Les plaintes étant infondées, elles seront rejetées.

4. La procédure de plainte est gratuite (art. 20a al. 2 ch. 5 LP; art. 61 al. 2 let. a OELP) et ne donne pas lieu à l'allocation de dépens (art. 62 al. 2 OELP).

 

 

* * * * *


PAR CES MOTIFS,
La Chambre de surveillance :

A la forme :

Déclare recevables les plaintes des 8 décembre 2020 et 20 janvier 2021 de A______ et B______ SA contre les poursuites nos 1______, 2______, 4______ et 5______.

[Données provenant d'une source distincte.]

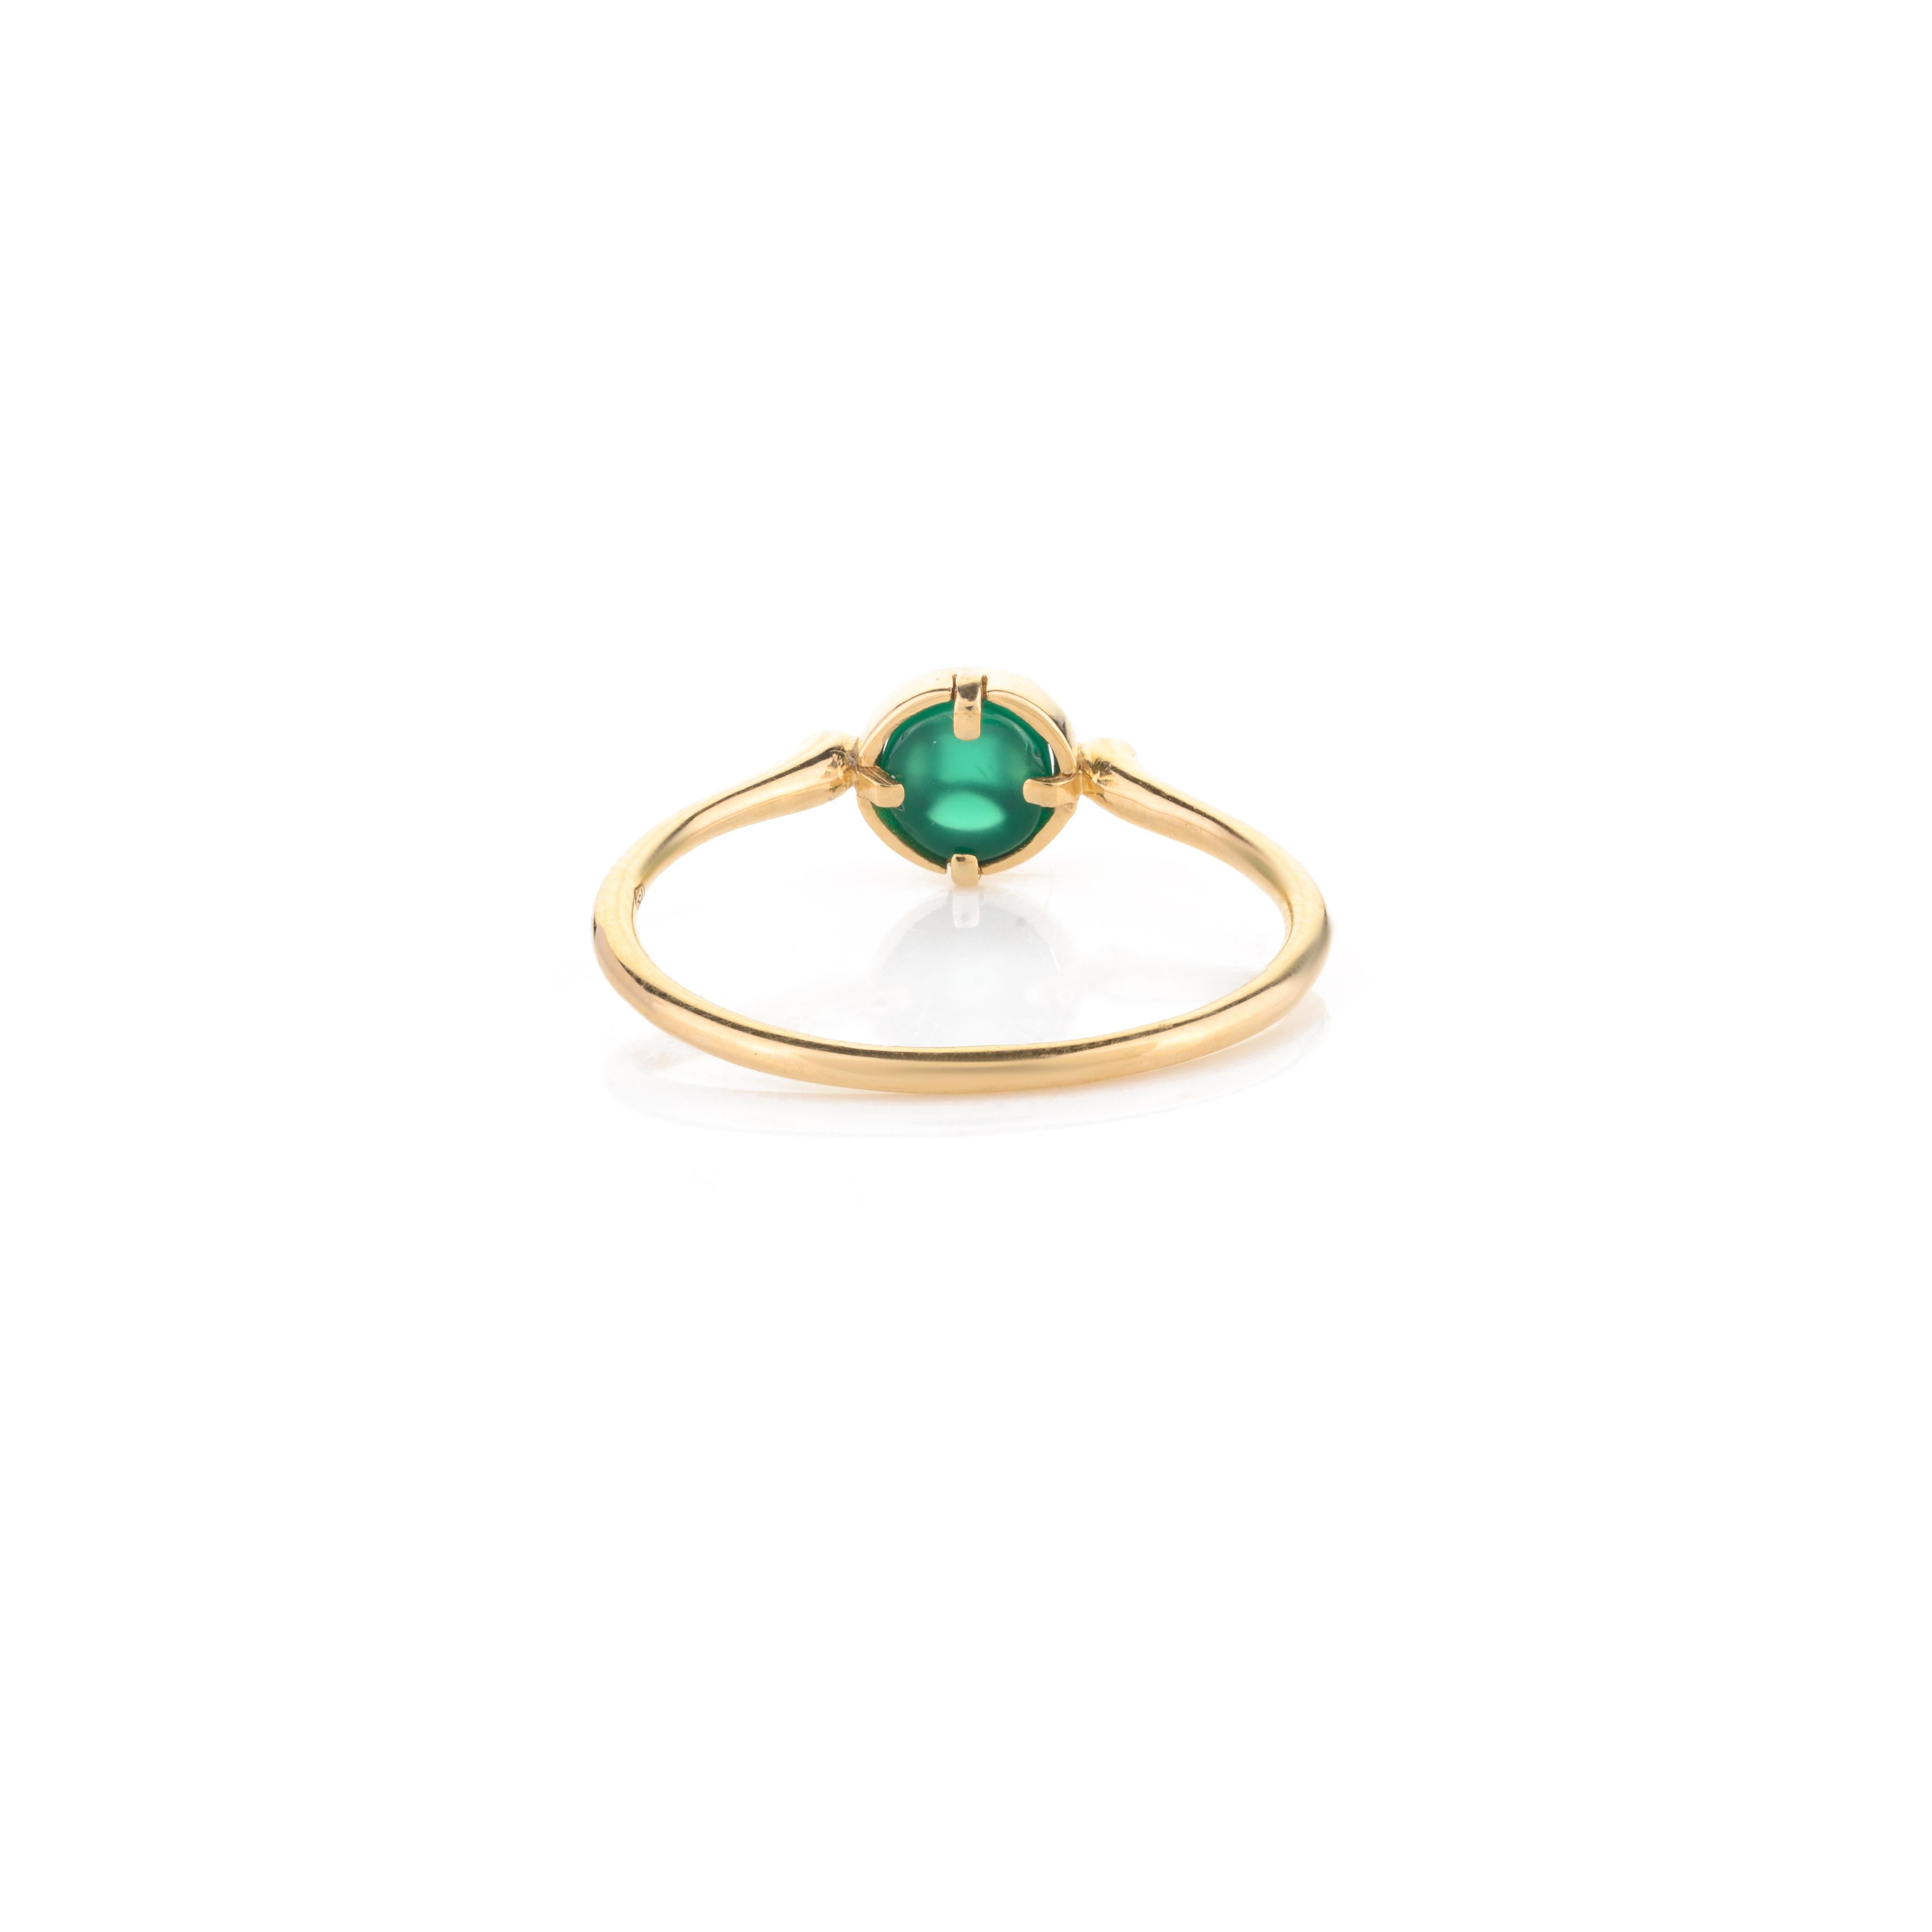 For Sale:  Modern 18k Solid Yellow Gold Green Onyx Minimalist Everyday Ring for Her 5

Ordonne la jonction des causes A/3609/2020, A/6______/2020, A/7______/2021 et A/8______/2021, sous le numéro de cause A/3609/2020.

Au fond :

Rejette les plaintes.

Siégeant :

Monsieur Jean REYMOND, président; Madame Natalie OPPATJA et
Monsieur Anthony HUGUENIN, juges assesseurs, juges assesseurs; Madame Christel HENZELIN, greffière.

 

Le président :

Jean REYMOND

 

La greffière :

Christel HENZELIN

 

 

 

Voie de recours :

Le recours en matière civile au sens de l’art. 72 al. 2 let. a de la loi sur le Tribunal fédéral du 17 juin 2005 (LTF; RS 173.110) est ouvert contre les décisions prises par la Chambre de surveillance des Offices des poursuites et des faillites, unique autorité cantonale de surveillance en matière de poursuite pour dettes et faillite (art. 126 LOJ). Il doit être déposé devant le Tribunal fédéral, 1000 Lausanne 14, dans les dix jours qui suivent la notification de l'expédition complète de la présente décision (art. 100 al. 1 et 2 let. a LTF) ou dans les cinq jours en matière de poursuite pour effets de change (art. 100 al. 3 let. a LTF). L’art. 119 al. 1 LTF prévoit que si une partie forme un recours ordinaire et un recours constitutionnel, elle doit déposer les deux recours dans un seul mémoire. Le recours doit être rédigé dans une langue officielle, indiquer les conclusions, en quoi l'acte attaqué viole le droit et les moyens de preuve, et être signé (art. 42 LTF).

Le recours doit être adressé au Tribunal fédéral, 1000 Lausanne 14.